If Randoop crashes due to a bug (this is usually indicated by "Randoop failed in an unexpected way." and a stack trace), submit a bug report and skip the two questions about the tests that it produces.

If you are having trouble running Randoop, first make sure that you can run this command from its user manual:
```
java -Xmx3000m -classpath $(RANDOOP_JAR) randoop.main.Main gentests --testclass=java.util.TreeSet --time-limit=10
```
How many error-revealing tests were generated? If there are any, choose the first one, and determine whether it really reveals an error, or it is a false positive. If it is a false positive, explain why and start over examining the next one. If the first three are all false positives, you can stop.
For the first test that is not a false positive, fix the underlying bug and add a regression test to the project's test suite. (Before you try to understand the regression test, minimize it, or run Randoop in the first place with the --minimize-error-test command-line option.) Show the (minimized) Randoop test and give a URL to the commit that fixes the bug and adds a test.
How many regression tests were generated? (The regression tests are very complicated; don't spend too much time trying to read them.) Point out some code that the original test suite covers but the Randoop test suite does not cover. Why wasn't Randoop able to cover it? Point out some code that the Randoop test suite covers but the original test suite does not. Why didn't the developers write tests to cover that code?
In 1-2 paragraphs, comment on the utility of the Randoop tool. What worked well? What worked poorly? When would you want to use it (if ever!)? How do you think it should be improved?
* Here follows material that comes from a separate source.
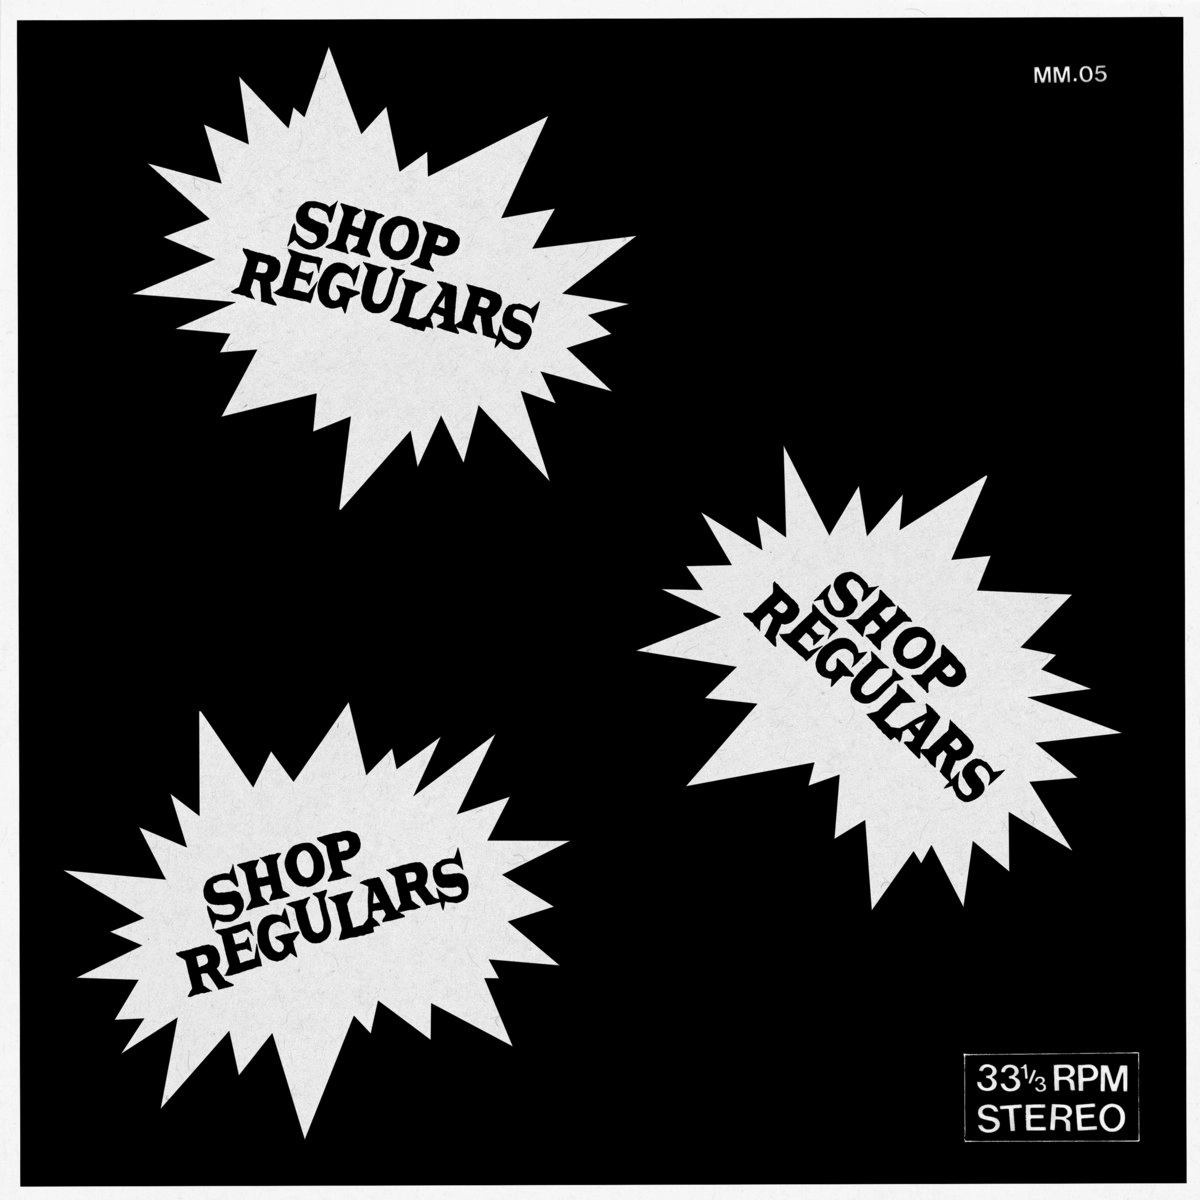 the cover art for the shop regulars self-titled. a black background with the words 'shop regulars' placed three times in spikey white clouds

At the end of the document:

List people or resources who helped you with this assignment.
How many hours did you spend on this assignment?

Upload your zip file to Canvas.

Peer Reviews

This assignment will be peer reviewed. There is a rubric on canvas which has a set of Yes/No questions. If your answer is "No" for any of the criteria, give a short description of what failed for you. Also give comments on whether the given documentation was sufficient and easy to follow.

Peer review rubric

(1pt) I was able to clone the given Java repository.
(1pt) I executed the command to produce coverage report and understand the untested behavior by looking at the output and the documentation provided.
(1pt) I pulled the changes from the commit that has the added tests and the coverage results (both before and after adding tests) confirm to those reported by the authors.
(1pt) I was able to execute the commands given to run randoop.
(1pt) I understand the bug and the minimized randoop test based on the given URL and the documentation (OR) I understand the reasoning for all 3 false positives.
(1pt) I was able to locate code covered by the original test suite but not by randoop and I also understand why based on the documentation provided.
(1pt) I was able to locate code covered by randoop but not by the original test suite and I agree to the reason provided for why developers didn't write tests covering that code.

Common mistakes to avoid

Give the actual commands to clone your repo and generate coverage reports. Don't just give the url of the repo.
Make sure you either provide the randoop jar file in your zip file or your scripts contain commands that download the same.
Ensure that the scripts you provide don't contain any absolute paths.

Changelog

Wed April 11, 11:00am: Clarified point #3: You must manually write the tests, and you don't have to increase overall coverage by a whole 1%.
Fri April 13, 8:00am: Changed point #4: Put commands in a separate file commands.sh rather than in your main README.txt file.
Clarified point #4: If Randoop crashes, submit a bug report.
Clarified point #5: If Randoop generates no error-revealing tests, just report that fact.
Mon April 16, 3:00pm: Clarified that submission is a .zip file, not a .txt file.
Added text explaining that your script should clone your repo and it should not be included in your .zip file.
Mon May 7, 10:00am: Copied peer review rubric over from Canavs.